At the time of decision-making, they possess as well as understand
all the information that is relevant to their decision. In contrast,
non-rational models of managerial decision-making suggest that limitations of
information-gathering and information-processing make it difficult for
managers to make optimal decisions. The three non-rational models of
decision-making discussed in the chapter are: satisficing, incremental, and
garbage-can models.
Any decision-making process contains seven basic steps: (1) identifying the
problem; (2) identifying resources and constraints, (3) generating
alternative solutions, (4) evaluating alternatives, (5) selecting an
alternative, (6) implementing the decision, and (7) monitoring the decision.
Managerial decisions are of two types - programmed decisions, and
non-programmed decisions. Programmed decisions involve simple, common,
frequently occurring problems.
They have well-established and understood
solutions. Non-programmed decisions deal with unusual or exceptional
problems. Based on the degree of certainty involved, every decision-making
situation falls into one of three categories: (i) certainty, (ii) risk, and
(iii) uncertainty.
In conditions of certainty, the decision-maker knows with reasonable
certainty what the alternatives are, what conditions are associated with each
alternative and the outcome of each alternative. Under a state of risk, the
decision-maker has incomplete information about available alternatives but
has a good idea of the probability of particular outcomes of each
alternative. Conditions of uncertainty exist when the future environment is
unpredictable and everything is in a state of flux. The decision-maker is not
aware of all available alternatives, the risks associated with each
alternative, or the consequences of each alternative or their probabilities.
In order to carry out managerial functions effectively, managers at all
levels require vital information with speed, brevity, precision and economy.

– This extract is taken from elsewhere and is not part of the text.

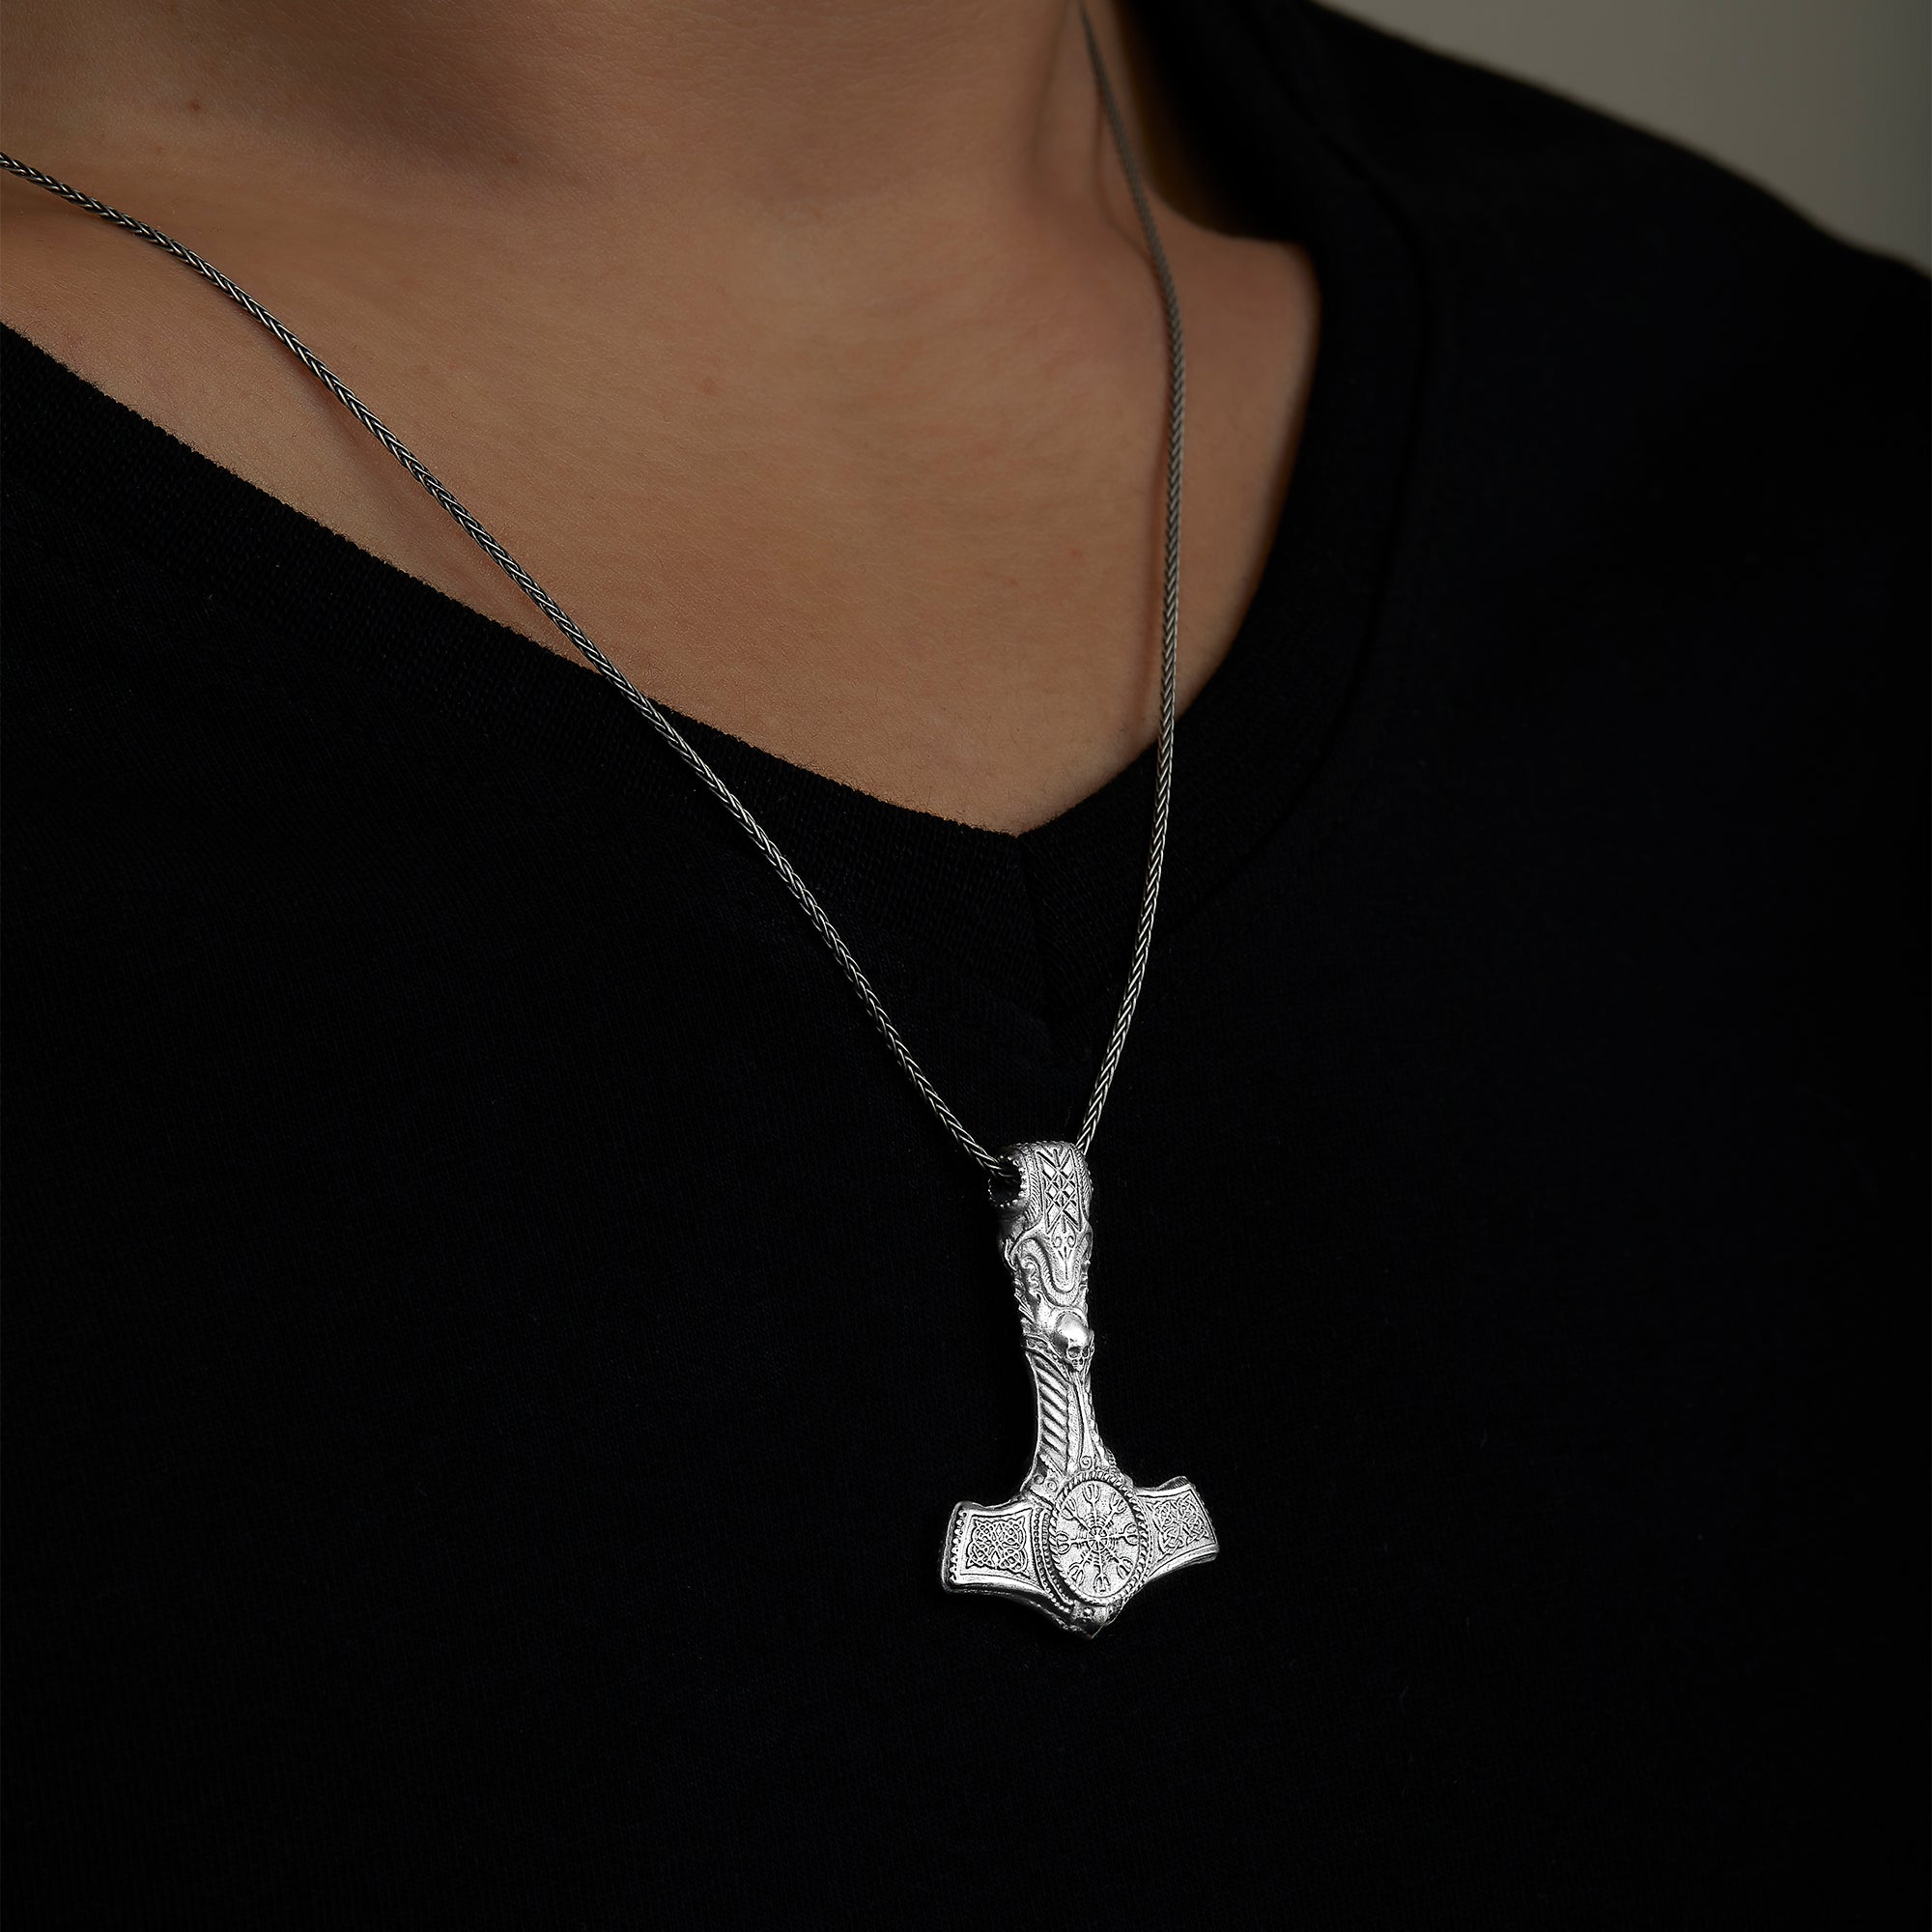 Amazon.com: Viking Thors Hammer Mjolnir Necklace - Solid 925 Sterling Silver  - Celtic Pendant Nordic Amulet Odins Norse Mythology Jewelry for Men Women  - Handmade - Fathers Day Gifts - Medium Size : Handmade Products
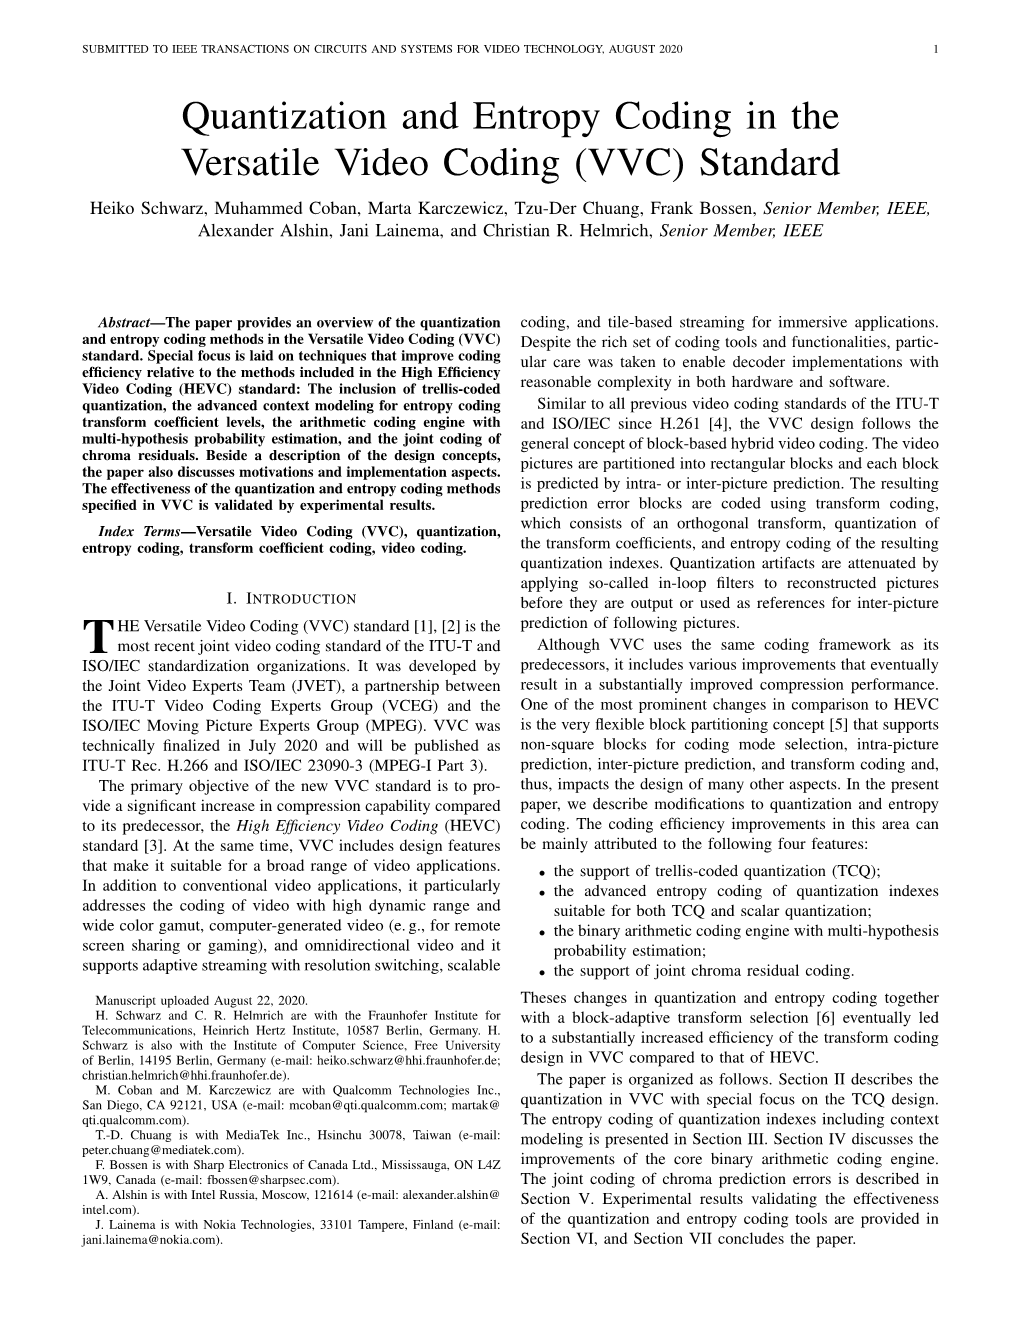 Quantization and Entropy Coding in the Versatile Video Coding (VVC

A management information system is a computer-based information system that
gathers comprehensive data, analyzes and summarizes it, and provides it in a
form that is of value to functional managers. A decision support system is an
interactive computer system that can be easily accessed and operated by
people who are not computer specialists, and who use this system to help them
in planning and decision-making.
Major decisions in organizations are often made by groups rather than a
single individual. The most common forms of group decision-making are:
interacting groups, Delphi groups, and nominal groups. Finally, the different
decision-making techniques such as marginal analysis, financial analysis,
break-even analysis, ratio analysis and operations research techniques have
been discussed. The different operations research techniques discussed in the
chapter include: queuing or waiting-line method, linear programming, game
theory, simulation, and decision trees.